Quanto ao monumento que aqui se fala, fico sensibilizado ao ouvir os jovens de hoje recordar aqueles que deram o melhor, que é a vida, por uma causa não reconhecida até agora, antes pelo contrário, estou a falar de políticos, claro.
Gostaria de deixar aqui a minha modesta opinião. Porque não se dá a algumas ruas de Forninhos o nome dstes jovens? Seria a maneira mais simples de recordar, homenagear e perpetuar o nome dos filhos desta terra que tombaram numa guerra sem sentido.
Isto sem pôr em causa a ideia do monumento.
Cumprimentos
olá
esta sugestão do anónimo é uma excelente ideia colocar o nome dos combatentes que morreram em serviço nas ruas da Freguesia era uma forma de ser recordados.E embora isso ñ valha de nada talvez os seus familiares sentissem que o nome deles o sacrificio feito nunca seria esquecido.
Era uma homenagem mais que merecida
X@u
Não sei se é o mesmo anónimo que comentou em Dezembro passado no Post "Ruas da Nossa Aldeia", onde referiu a vontade de ver, pelo menos, numa das principais ruas de Forninhos o nome dos seus "filhos" mortos em combate nas antigas províncias portuguesas, mas de qualquer modo o seu comentário é um bom exemplo para como se devem comportar os restantes anónimos!!!
Caso se trate da mesma pessoa, recordar-se-á que comentei também, tal como o faço agora, indepedentemente de não ser o mesmo anónimo, que a sua sugestão é merecedora de grande apreço, pois o nome dos "filhos" mortos em combate nas antigas províncias portuguesas é mais que merecedor de serem incluídos nas principais Ruas de Forninhos e não sei porque a tal "famosa Comissão" não o fez na altura devida!!! No entanto, se não estou enganada, existe já na nossa Freguesia o Largo dos Combatentes do Ultramar (Largo da "famosa" Rotunda).
Já agora sugeria também que caso façam esta homenagem, quer pela construção de um monumento, quer pelo nome de Rua ou outro, podiam desde já assinalar esse dia como o Dia da Freguesia.
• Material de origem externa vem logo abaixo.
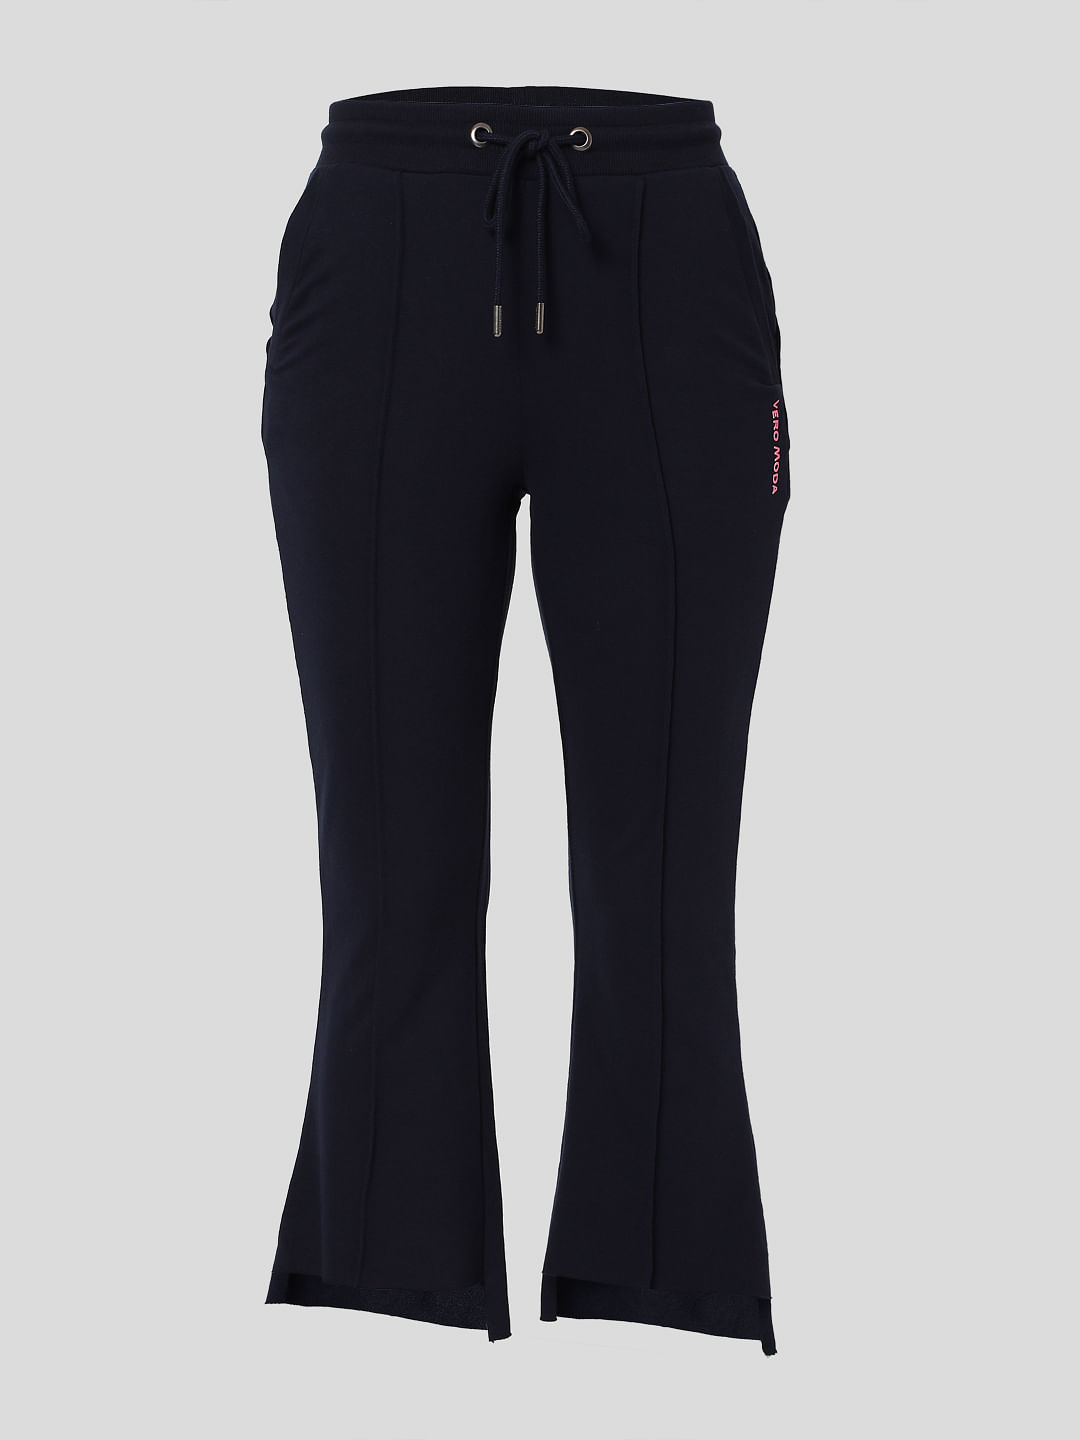 Buy Vero Moda Black  White Checks Pants for Women Online  Tata CLiQ

Fica assim mais uma sugestão:))
Cpts,
Paula Albuquerque
Olá
Paula não estás enganada. O largo com a rotunda tem esse nome, mas quem não souber também é difícil ver, pois a nossa plaquinha de identificação, apesar de nova foi vandalizada, retiraram a maior parte das letras.
Não sei se isso aconteceu a mais alguma plaquinha, mas é triste ver que apesar de não serem tão bonitas como as de mármore, já não identificam nada…
Fica aqui o meu descontentamento perante este facto.
Ana Guerr@
Sim, Ana já reparei nisso também. Nesta e noutras placas. Talvez tire umas fotos agora na Páscoa e faça um Post para poder ilustrar.
Agora só ainda não entendi se se trata de uma acto de vandalismo ou se é mesmo má qualidade das mesmas.
Quem sabe com uma postagem sobre este assunto possamos entender o que realmente se passa com as nossas plaquinhas:((
@té depois
Olá a todos,
Eu acho a ideia deste SR. anónimo uma excelente ideia!!! A homenagem deve ser feita de qualquer forma... até podia ser libertar quatro pombinhas para o céu... era preciso era dar valor a quem infelizmente tombou em nome de uma guerra mal explicada (mas para mim são todas assim aliás, mas o reparo está muito bem conseguido também).
O dia da freguesia é outra ideia muito positiva, onde se podiam fazer uma série de actividades culturais, desportivas, reliogiosas, educacionais com concursos de ideias, temáticas, etc. Podia ser na altura do verão para os nossos emigrantes também participarem :)
Não me parece que a falta de letras tenha a ver com a má qualidade das placas, pois há lá umas anteriores que por exemplo onde estava "escola primária" está "cola prima", já para não falar dos chumbos que por vezes tb levam e da nossa placa que está na divisão com Dornelas. Parece-me bem mais vandalismo puro e pouco respeito pelo nosso património.